Authorization is a big part of being an online citizen. In short, are you really you? We deal with this challenge every day. From choosing a password to decoding a cryptic set of letters, to selecting all of the traffic lights in a photo, to identifying where you went to high school or who your youngest second cousin is, we're caught in a security arms race: web sites attempting to protect themselves while the bad guys try to circumvent security steps.
We live online. But what about those security questions you've been using to prove you're you? Have they been living online with us so long that they’re no longer that secretive?
Your family tree is probably online somewhere. This may seem like it’s of no interest to strangers, but if it has your mother's maiden name and that's what your credit card company uses, you’ve got a problem.
What about the security question of the street on which you grew up? That's probably online, too.
Birthdate? Facebook advertises that to all your friends if you let it. Twitter might show a picture of you celebrating your birthday.
What about the "what is your favorite food" question? Check your last Yelp posting or Facebook status, maybe you disclosed that.

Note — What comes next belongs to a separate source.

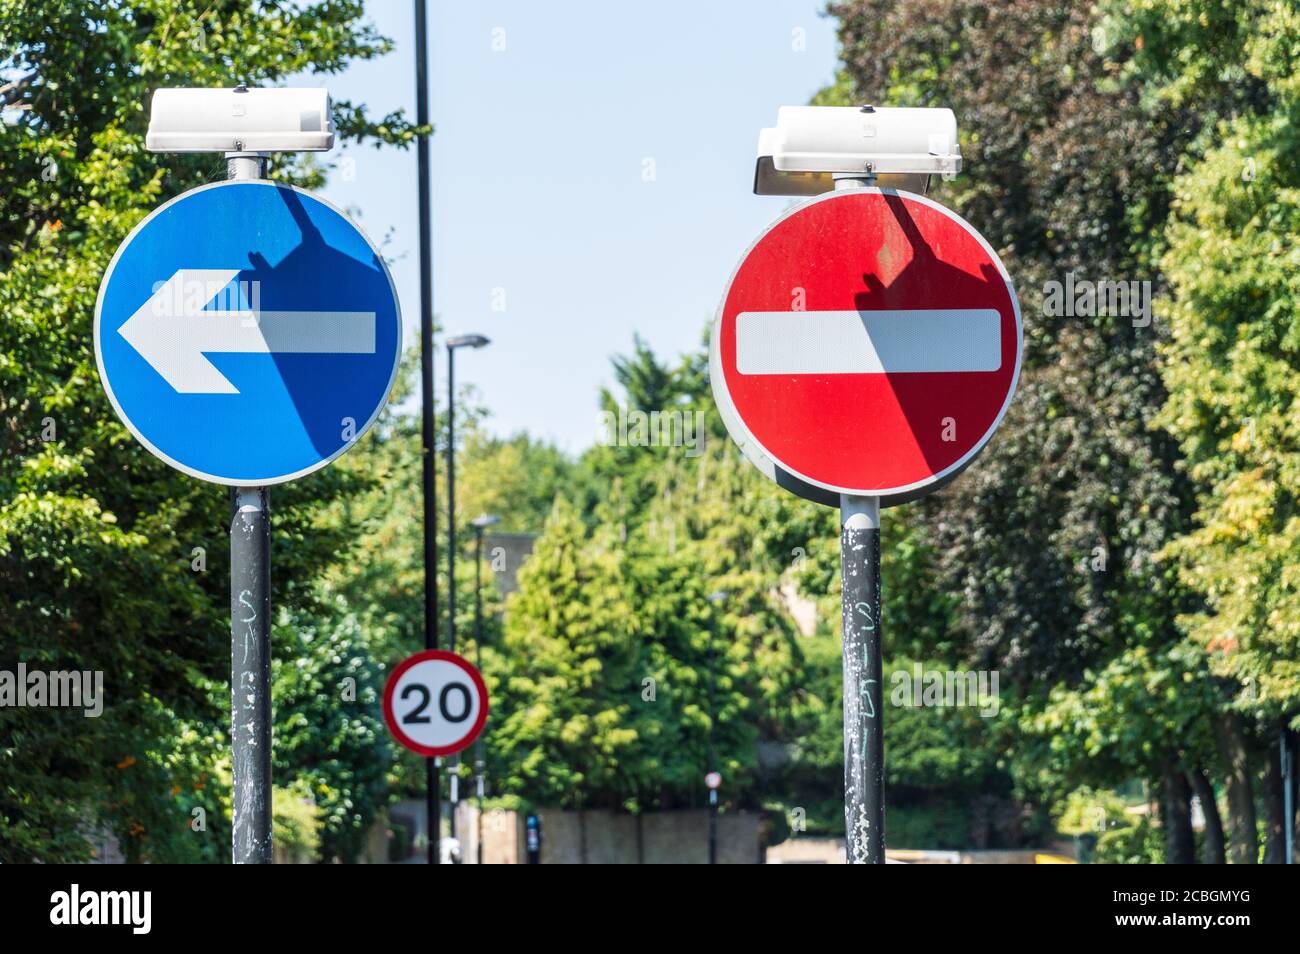 No entry and One way turn road sign Stock Photo

That “city in which you were born”? Not too tricky to determine.
There are some techniques to help reduce the likelihood that your identity may get stolen (for more tips, see https://privacyrights.org/resource-types/guides ). The process of authorizing one's self to a web site is increasingly annoying, difficult, and time consuming. And the bad guys are a) getting better at figuring out how to trick you, b) getting more access to your info as you live increasingly online, and c) gaining more incentives to do this because of the increasing amount of money people spend online.
What's the fix? There are some solutions like OpenID (http://openid.net/) but they aren't ubiquitous. More sophisticated technology like biometrics or retinal scans aren't cost effective, ubiquitous, or easy enough for most web sites to implement.
If you have the option to make your own security question, DO IT. Your “only I know the answer to this question” creativity will be better than any canned questions.
If you're given a choice of questions, think about what information is already available elsewhere. If you have the option to make your own question, DO IT, but DON'T use the same one on each web site. You might remember your first kiss, or who your 2nd grade teacher was. You might remember the nickname for your first pet. But before you choose these, think about if you've disclosed them already. If the question a web site requires is too easily acquired, either come up with a different/wrong answer that only you know, or consider a different web site.